I'm little curious but what was everyone's first encounter with the World of Darkness (Old or New). For me it happened back in late 2000 when a friend got the PC game Vampire: the Masquerade Redemption, the lesser known of the two VtM video games. It was basically a Diablo-style hack-and-slash game so it lacks when it comes to non-combat areas of the source material. But it was a decent enough, if now dated, game with some interesting characters and story ideas that could be used in VtM (or even converted over to VtR).

Anyway he got the game, liked it and started showing it off to me and the rest of our circle of friends. We got interested in, more so when we learned it was based off another game. It was around February or March of 2001 that we picked up the Rev Ed of VtM and tried it out. Our first game was, looking back on it, a mess but it got its hooks in me and from there I began to explore the universe, jumping to Dark Ages: Vampire, Mage: the Ascension, Hunter: the Reckoning and Werewolf: the Apocalypse in those early years. I've played some NWoD games but I've found they don't quite have the same appeal to me as their OWoD counterparts do, the only exceptions being Changeling: the Lost (I've never read Changeling: the Dream save for Dark Ages: Fae which is a different beast) and Giest: the Sin-Eater (which has no true OWoD counterpart). Though NWoD has produced some very interesting material and I certainly do appreciate what they've done as opposed to what was done with the OWoD.

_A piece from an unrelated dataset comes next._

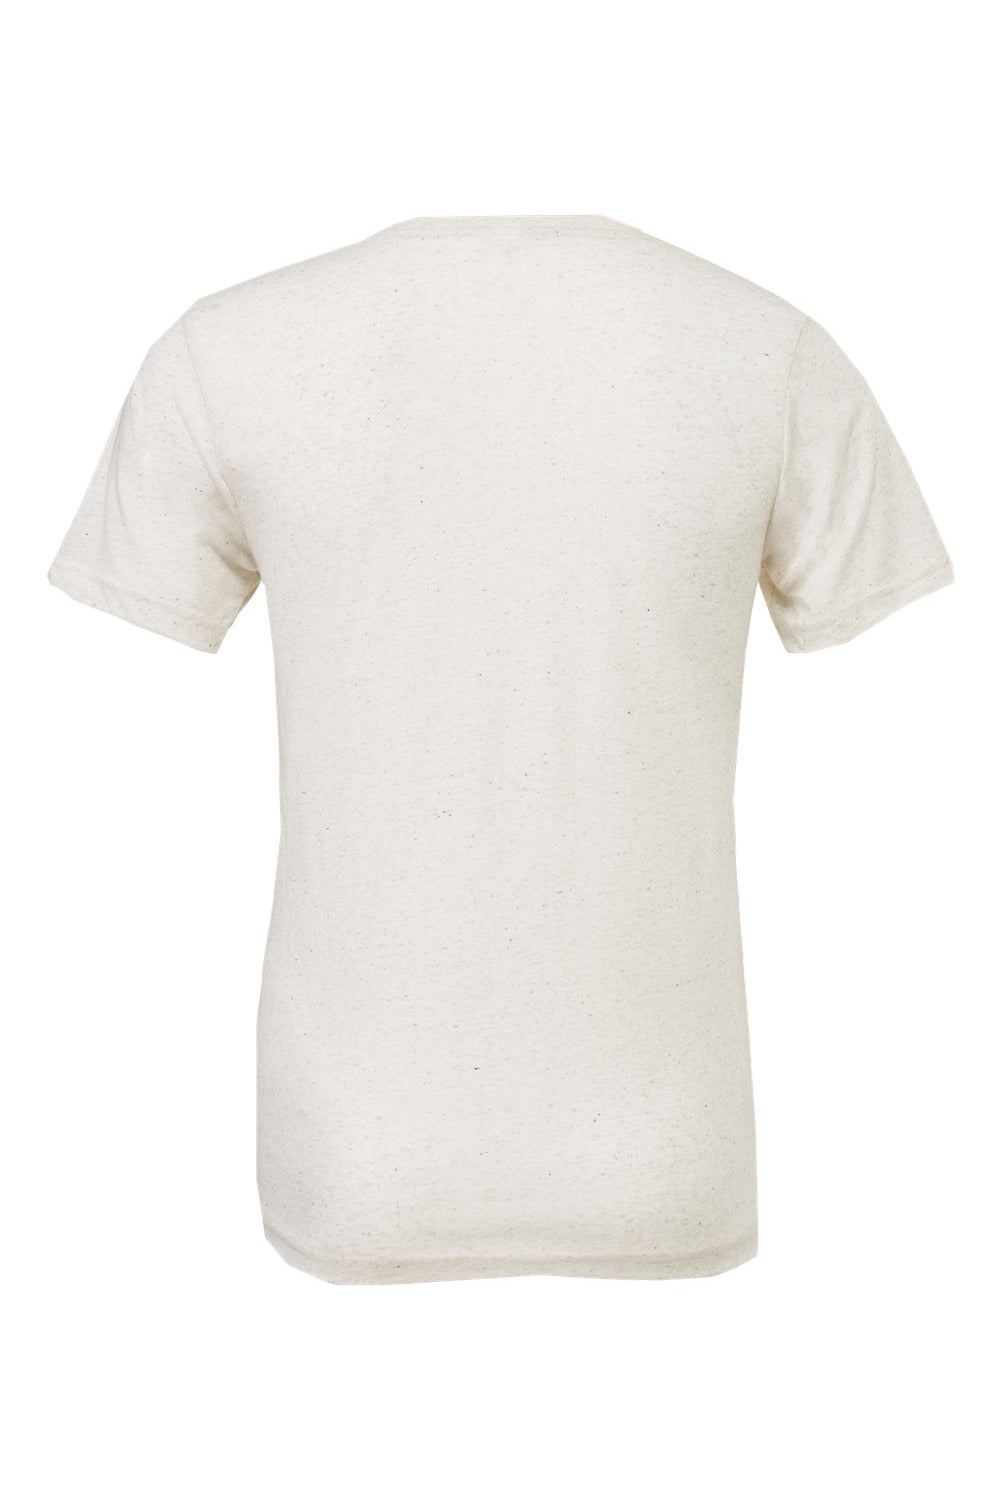 Bella + Canvas BC3415/3415C/3415 Mens Short Sleeve V-Neck T-Shirt Oatmeal Flat Back

In more recent years I've been exploring Wraith: the Oblivion, Orpheus, Kindred of the East and Mage: the Sorcerer's Crusade lines with much gusto as well as much of the newer books released by Onyx Path.

All of that stemming from one 1999 PC game.

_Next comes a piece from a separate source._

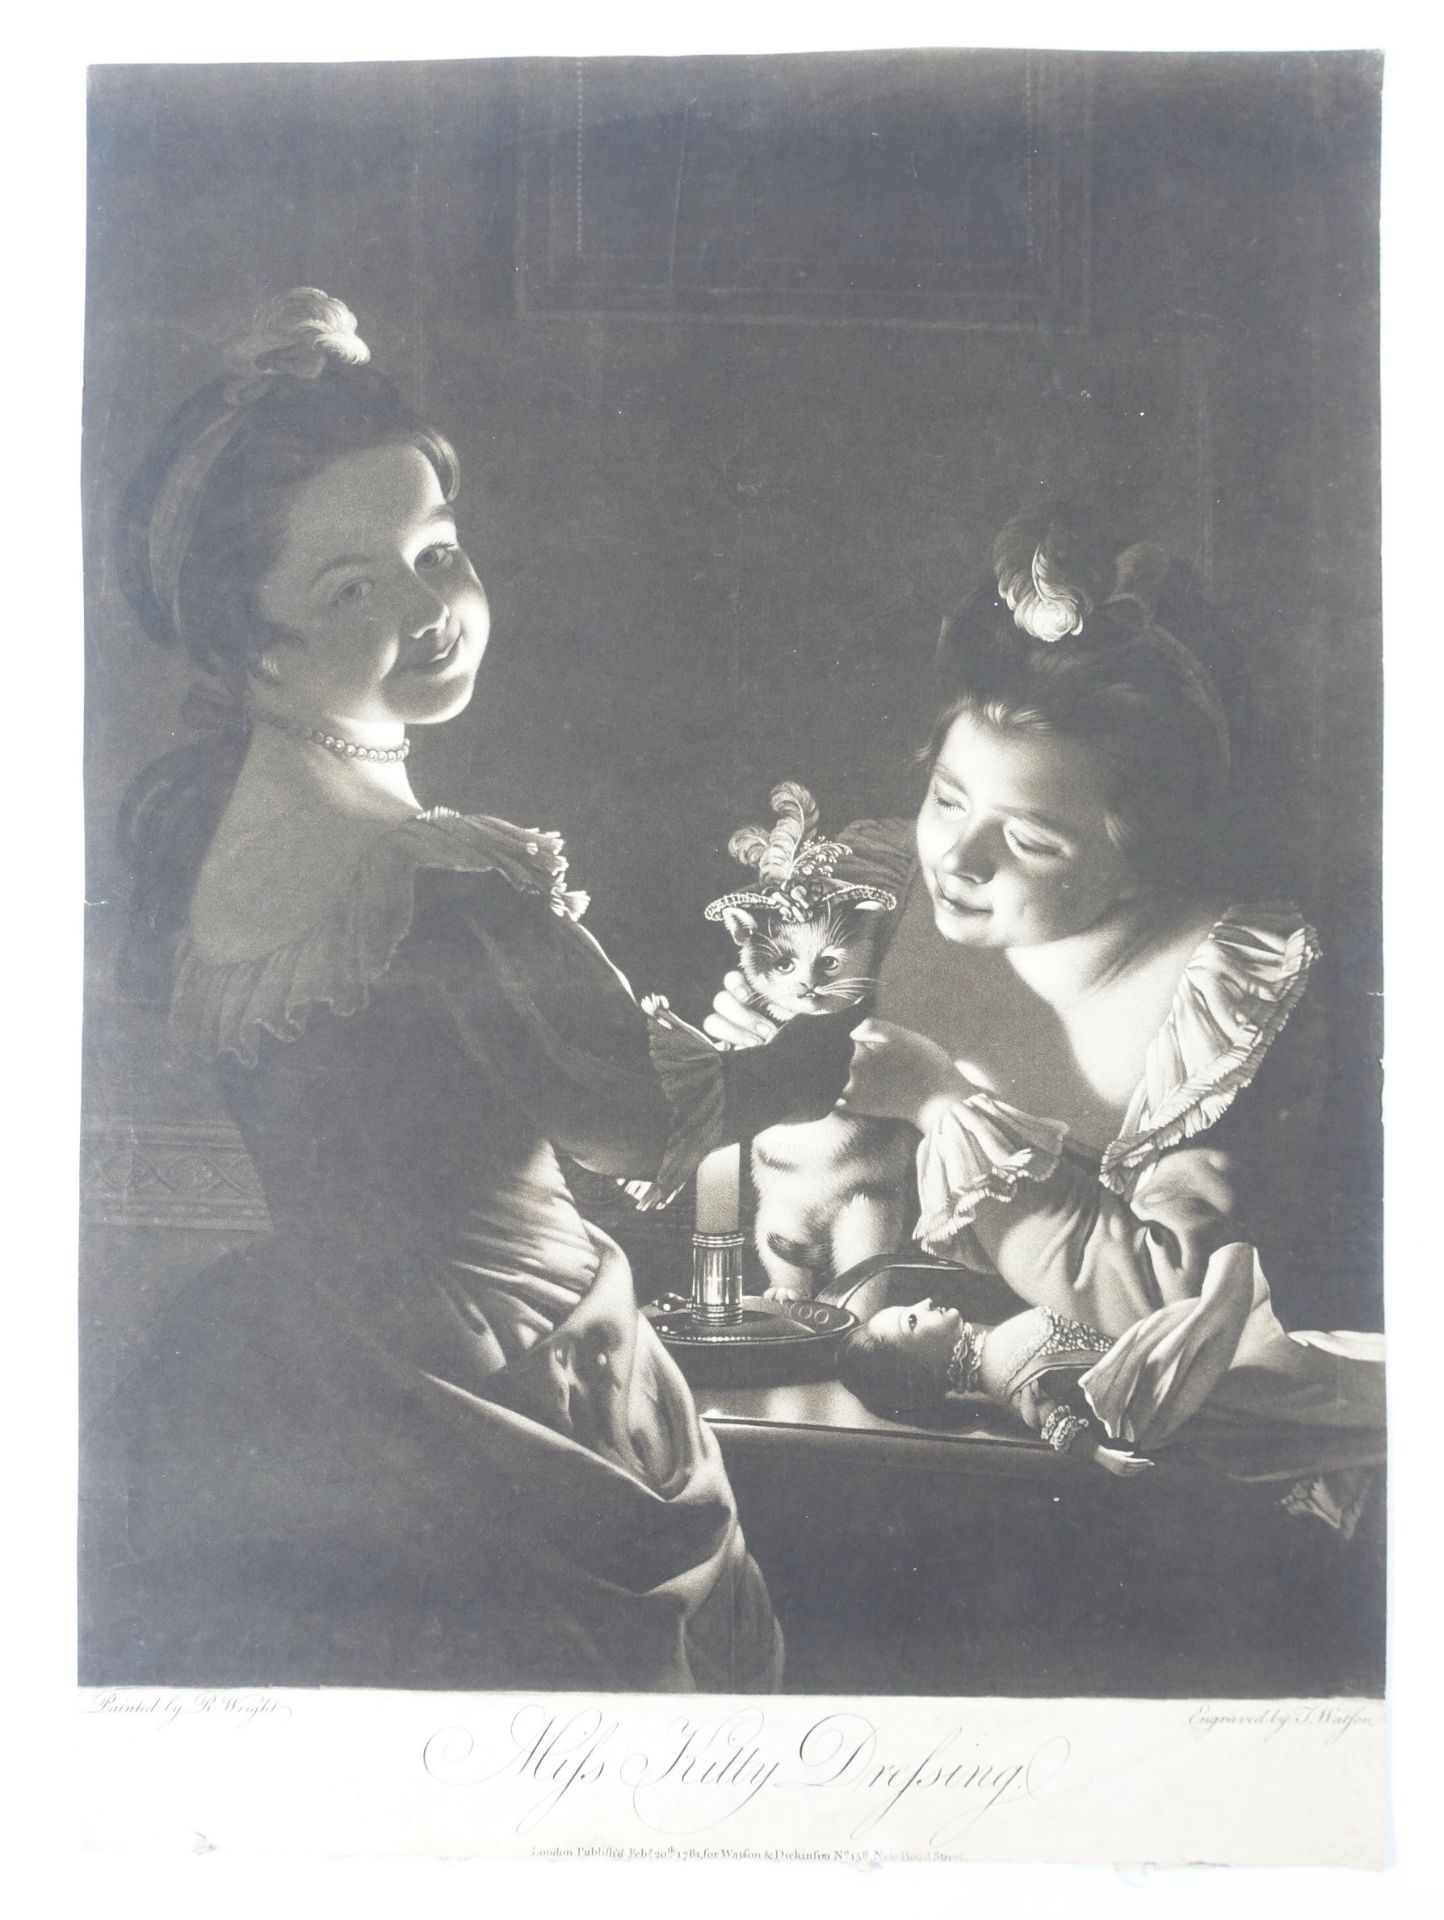 MEZZOTINTS -- "MISS KITTY DRESSING". Lond., Watson & Dickinson, 1781. Mezzotint by J. Watson

So who else would like to share how they got into the World of Darkness?
 
I got into it from my mother's books, namely vampire, and a few werewolf books she has. But I personally love vampire. Currently reading up on dark ages stuff/fluff.

Lasombra dominatus!
 
I got into it from my mother's books, namely vampire, and a few werewolf books she has. But I personally love vampire. Currently reading up on dark ages stuff/fluff.

Lasombra dominatus!

Yeah, the Dark Ages setting was a really great line, though I wish they did a bit more with DA Werewolf, Mage, Fae and Inquisitor. Werewolf, Fae and Inquisitor only had the Rulebook while Mage had only one supplement. A shame since DA Mage, Fae and Inquisitor were all interesting games and really could have done with some more love.

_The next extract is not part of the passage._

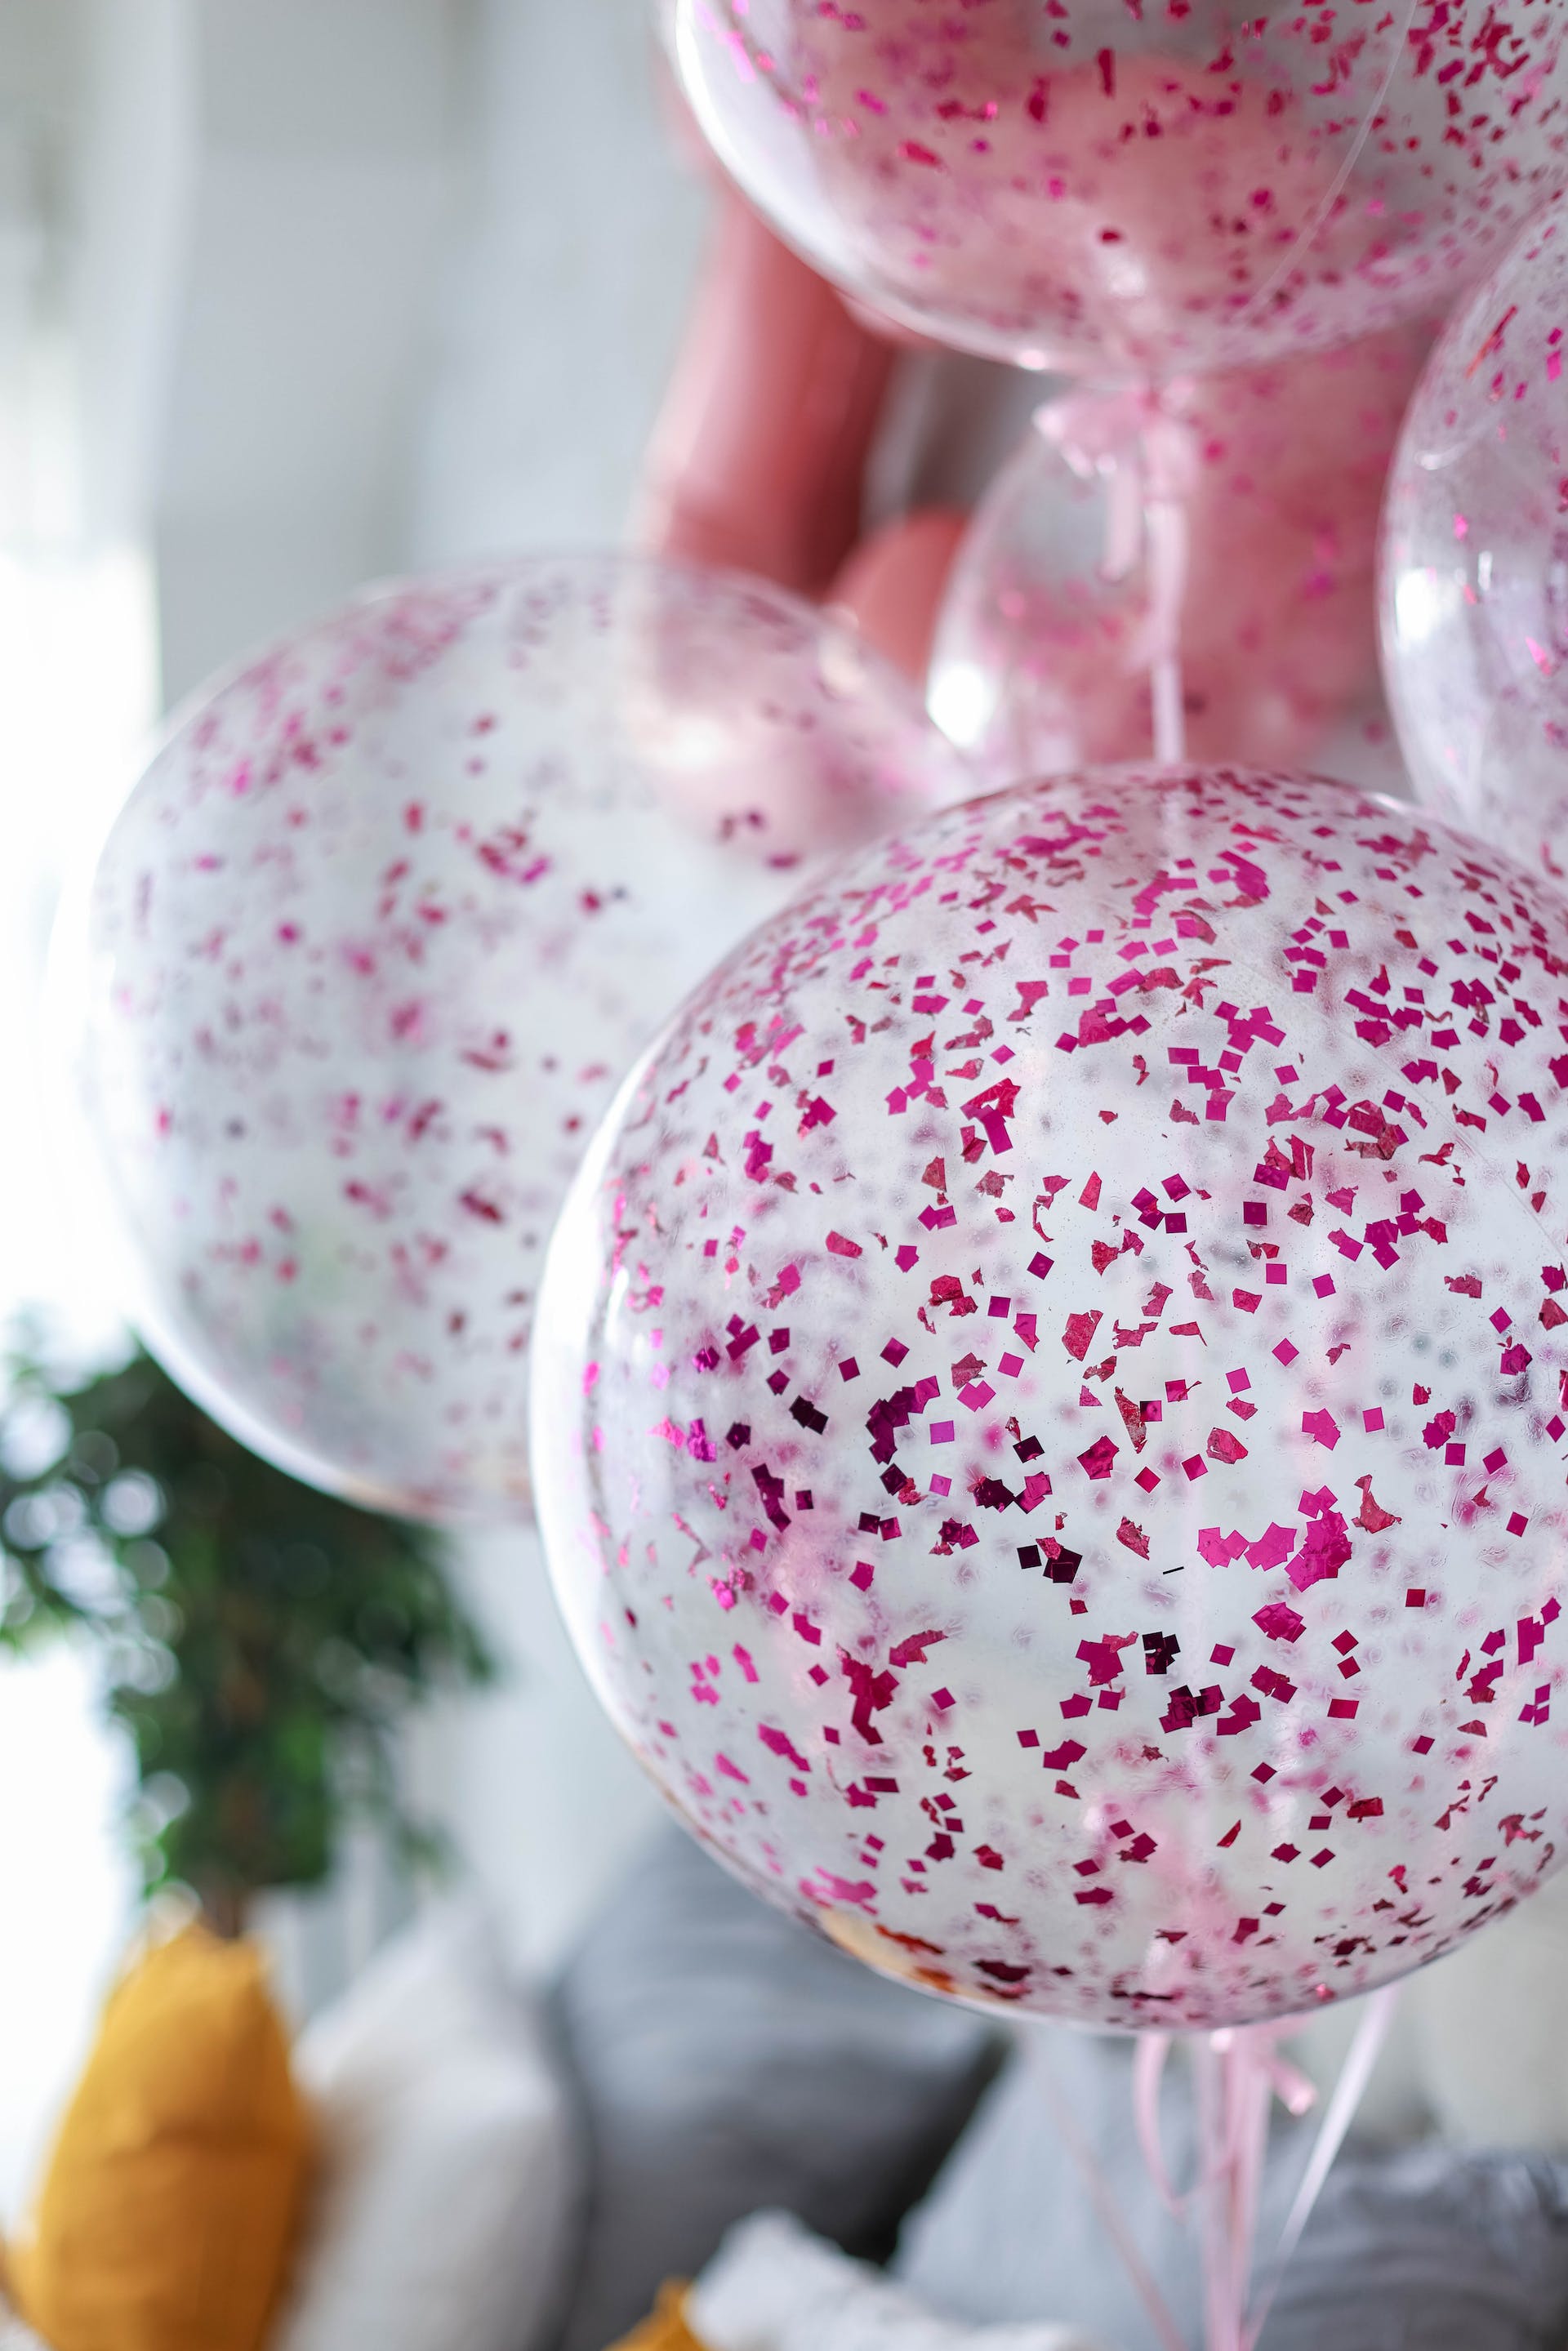 Luftballons mit rosa Konfetti. | Quelle: Pexels

Well maybe if the upcoming Dark Ages: Vampire 20th Anniversary does well we'll see more for those lines.
 
Uh. I kind of wanted to write a story like Mizuki Stone's Invisible Rolls thing, using Vampire the Requiem to create the character and all...
But then I came up with a problem:
Which setting to use?
And how to 'give stats' to the persons within the setting?

In order to keep things 'even' which setting could actually have a V:TM vampire frolicking about -a starting vampire, which gains exp and advances through sessions- with a reasonable scaling?